Mais le jeu continue, avec le risque de voir s’envoler l’illusion qu’entretiennent hypocritement nos hommes politiques. Et nous sommes là, à brûler nos derniers neurones devant le déclin désormais entamé d’une patrie qui se délite. Notre existence facultative ne serait-elle pas plus digne si l’on avait au moins la décence de nous abonner à un magazine littéraire ? Mais l’époque est aux lâches ; c’est la course à qui paraîtra le plus sulfureux sans se fâcher avec personne, un coup par-ci, un coup par-là. Seuls les miroirs nous font la gueule et on peut se coucher avec la conscience presque tranquille tout en se répétant : non, je ne suis pas un imbécile, je vis avec mon temps. La politique n’est-elle pas née le jour où le premier mythomane a rencontré le premier naïf ?

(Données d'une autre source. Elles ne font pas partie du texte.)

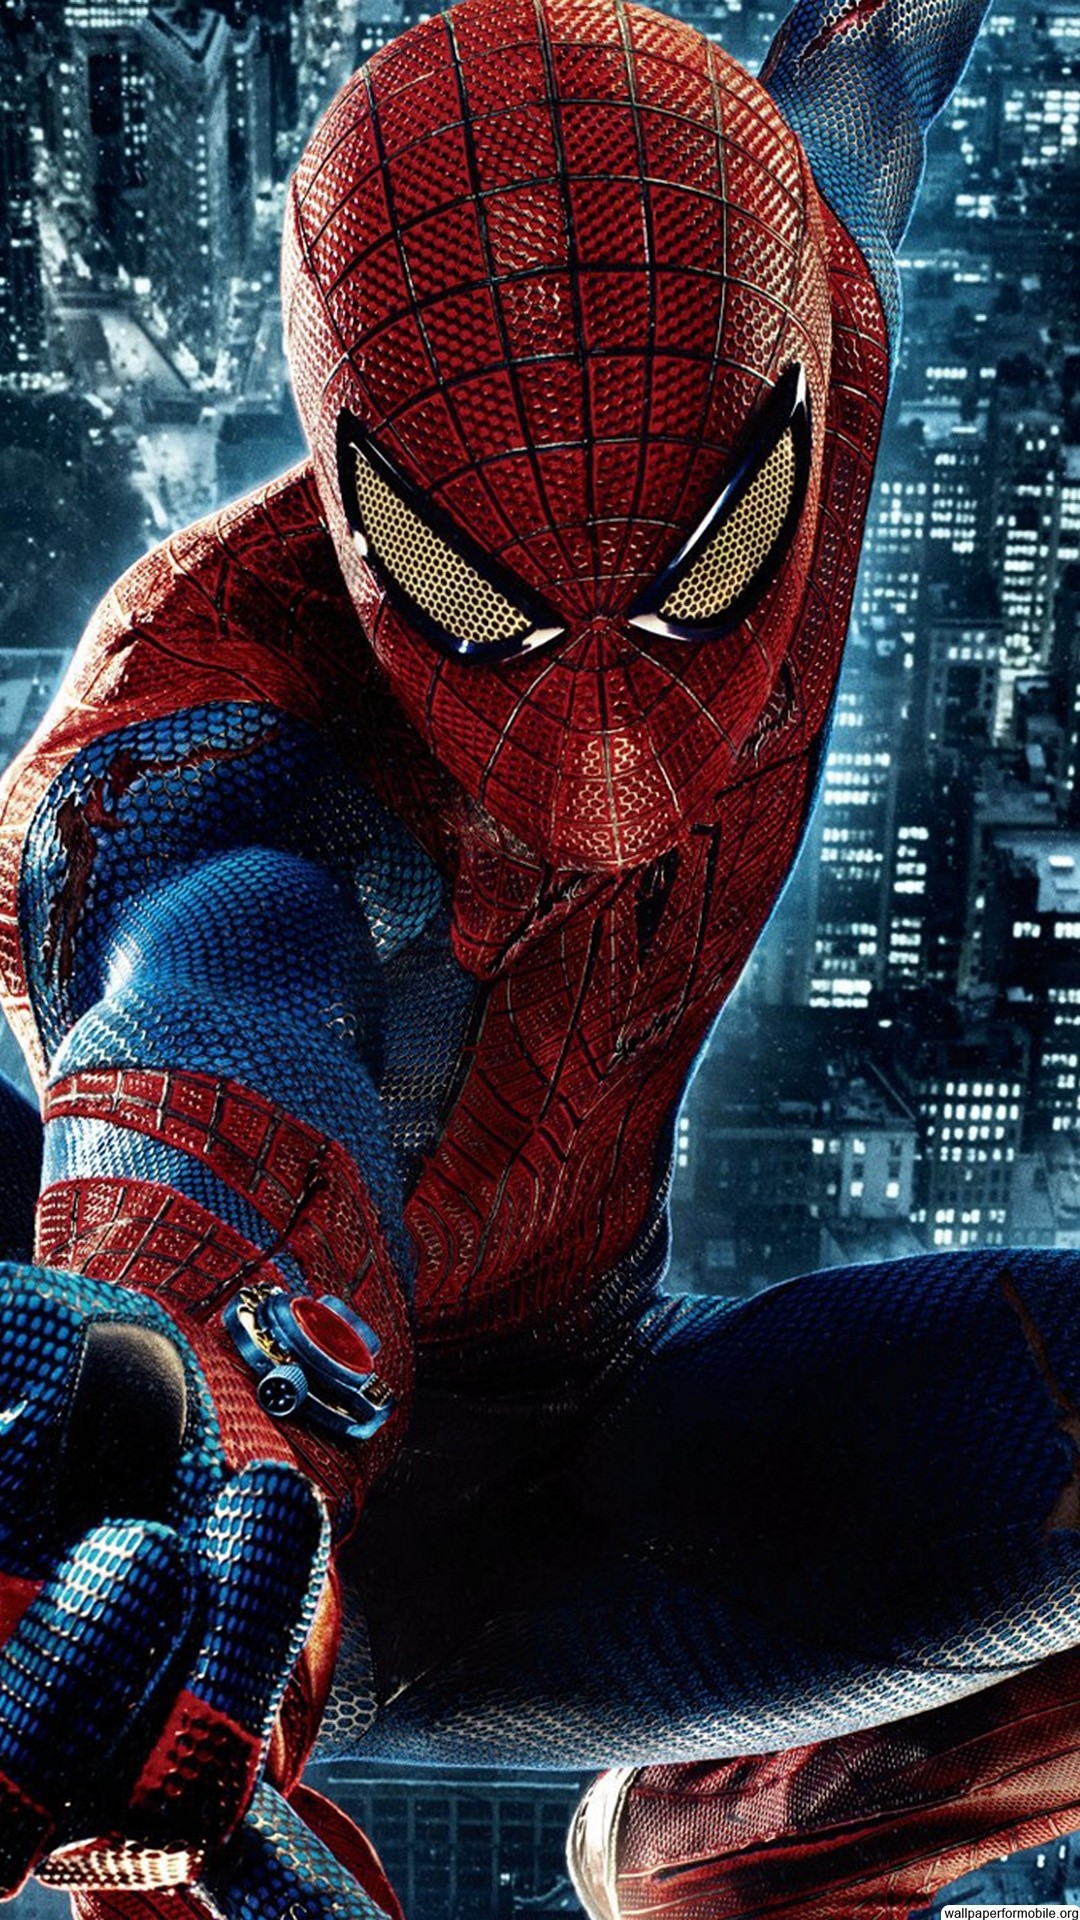 1080x1920 wallpaper.wiki-Awesome-Spiderman-Image-for-Iphone-PIC-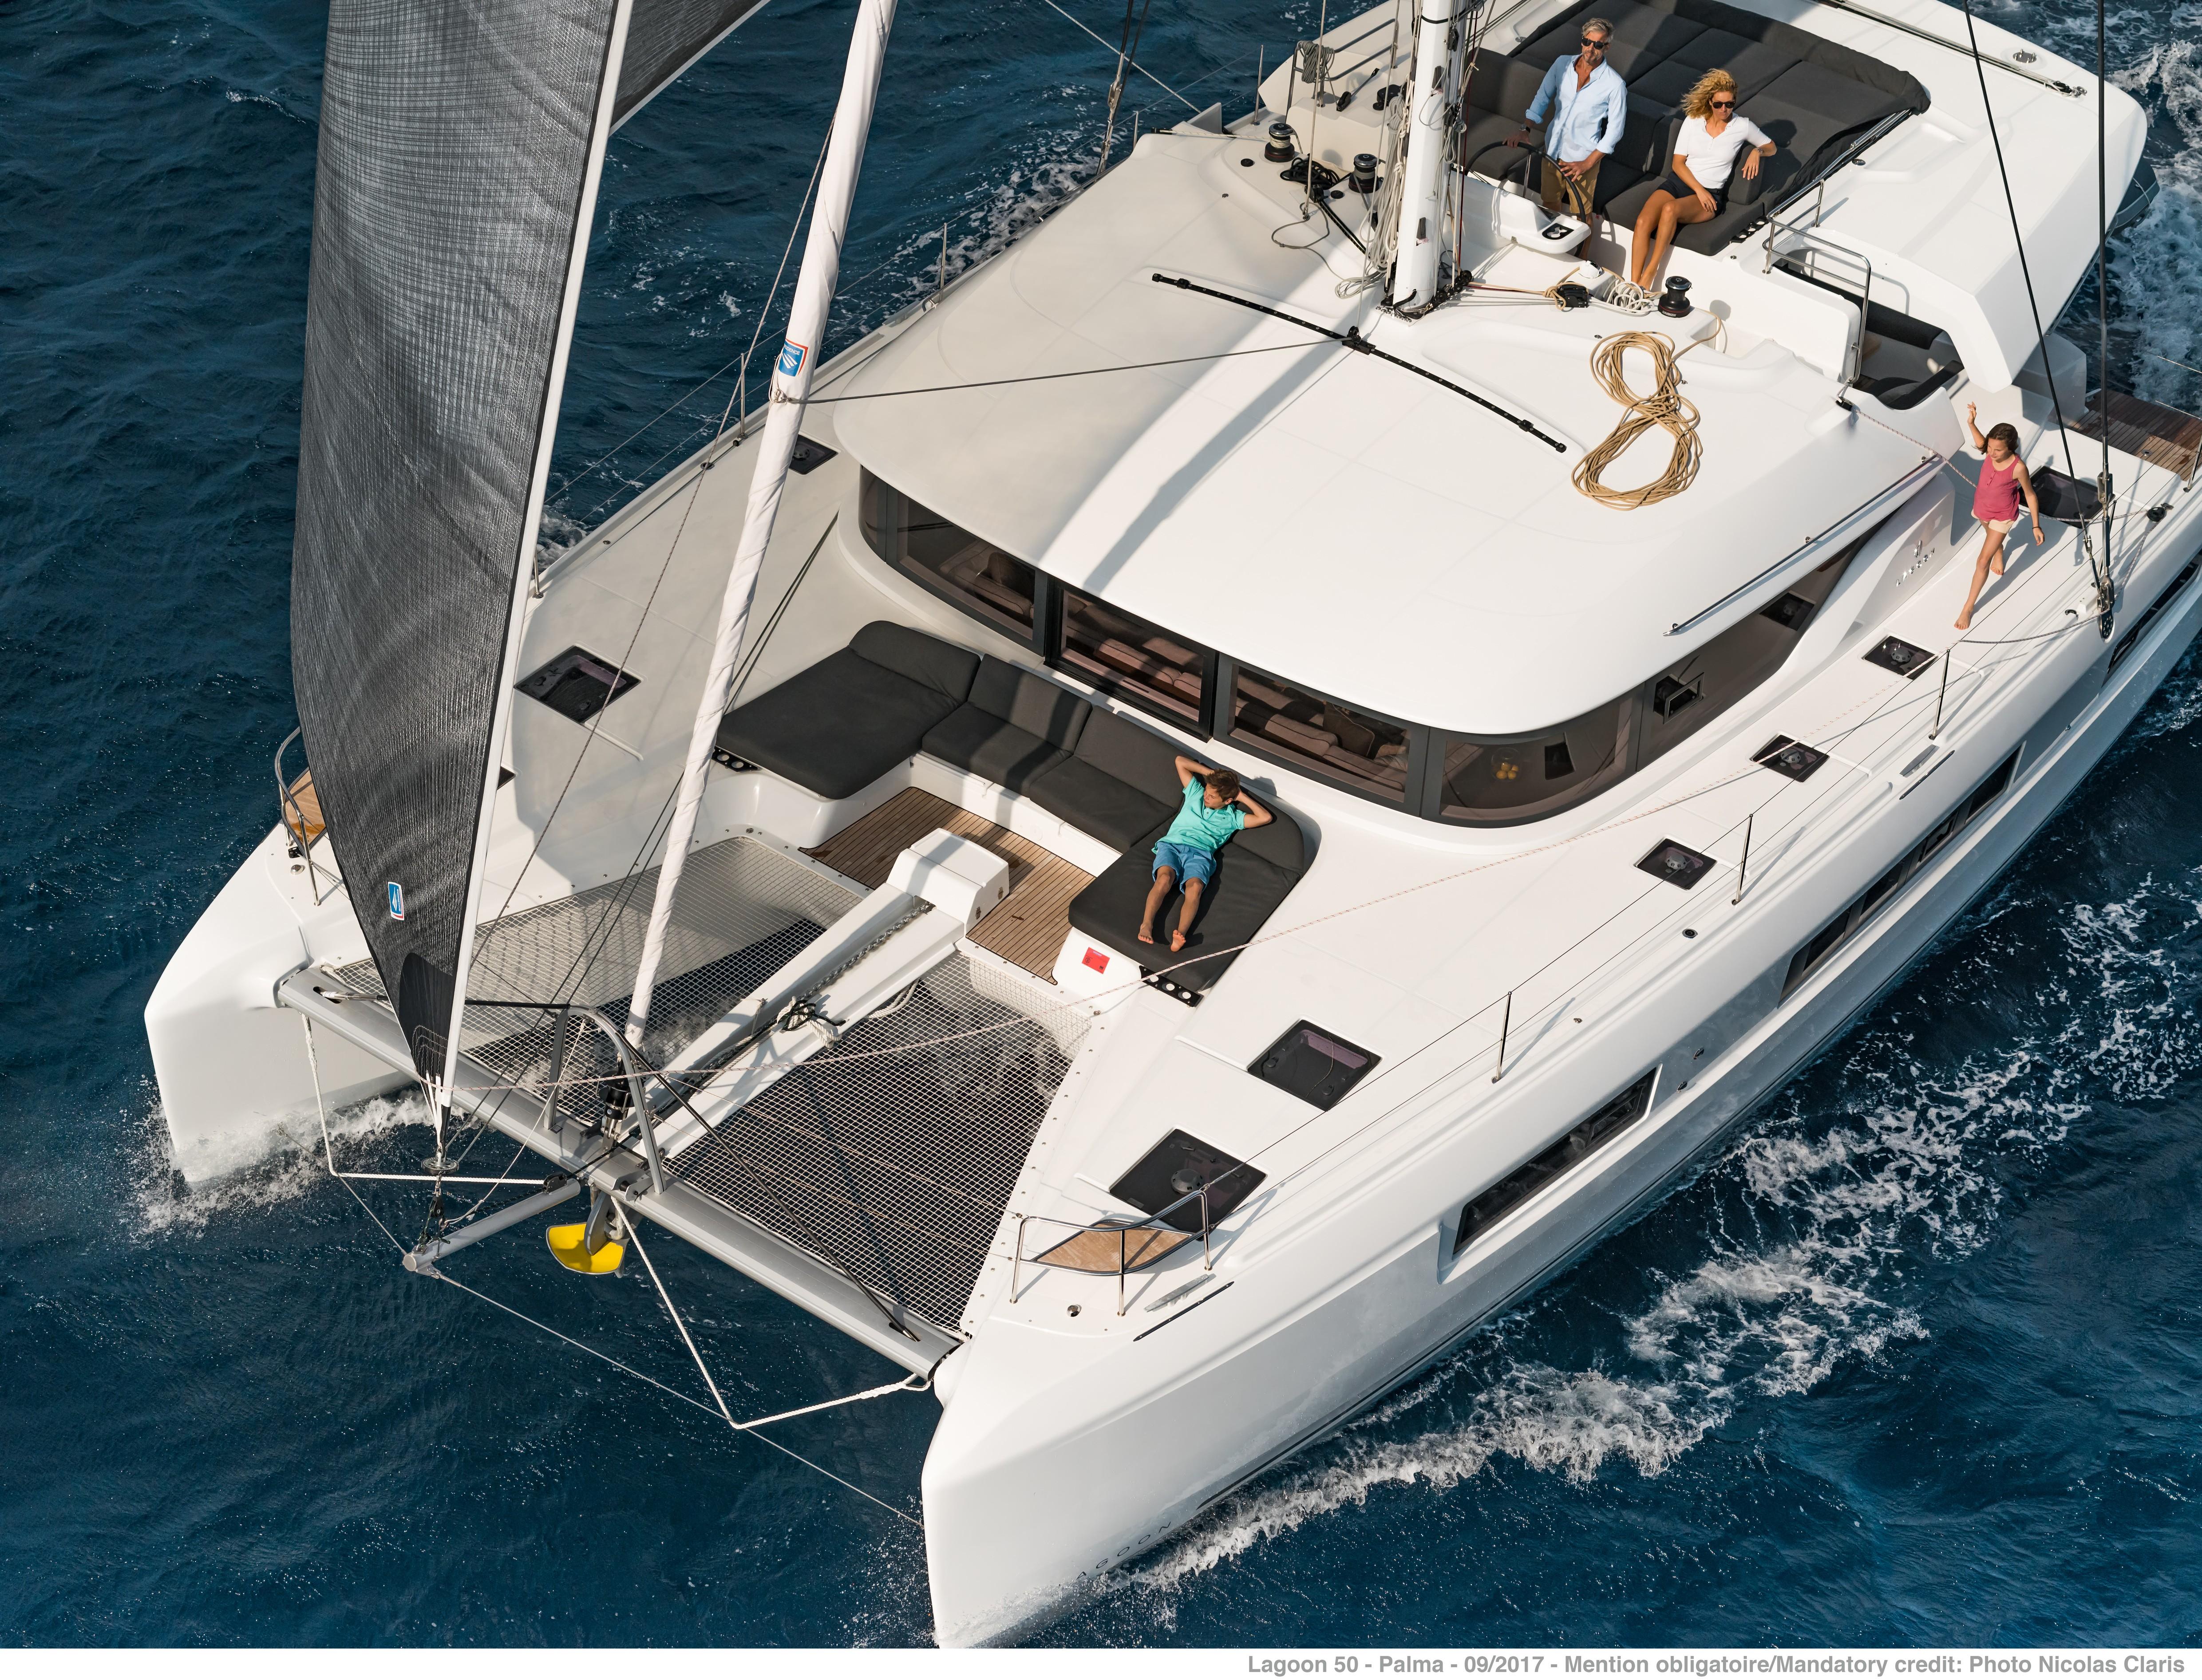  Yacht Photos Pics Manufacturer Provided Image: Lagoon 50

Je rame à coups de sarcasmes, mais la réalité est bien triste. En effet, il ne tenait qu’à vous, chers dirigeants, de nous assurer un nouveau départ plutôt que de prolonger cette situation dans les pires conditions. À croire que nous vivons dans un État en perpétuelle prorogation. Toutes les institutions censées préserver un régime qui n’a désormais plus de démocratique que le nom se retrouvent bloquées, comme si elles avaient capitulé face a un chaos qui se généralise. Cette accumulation de « pannes » démocratiques finit d’achever la « dé-démocratisation » du Liban et des institutions libanaises.
Le régime libanais est une sorte de IVe République mais avec des parties confessionnelles. Quand un parti décide de faire tomber un gouvernement, ce sont des religions et des communautés entières qui s’inquiètent. La guerre n’est pas pour nous un lointain souvenir. On est loin d’une petite crise gouvernementale à la sauce radicale. Pourtant, on retrouve les poisons et délices des régimes d’Assemblées instables : on ne sait pas vraiment qui a gagné et qui a perdu.
Le pays se retrouve alors otage de son propre peuple. À se demander si cette diversité culturelle, dont nous sommes si fiers et que nous nous acharnons à promouvoir dans le monde entier, ne serait pas en fait un cadeau empoisonné qui scelle notre destin à une éternelle instabilité.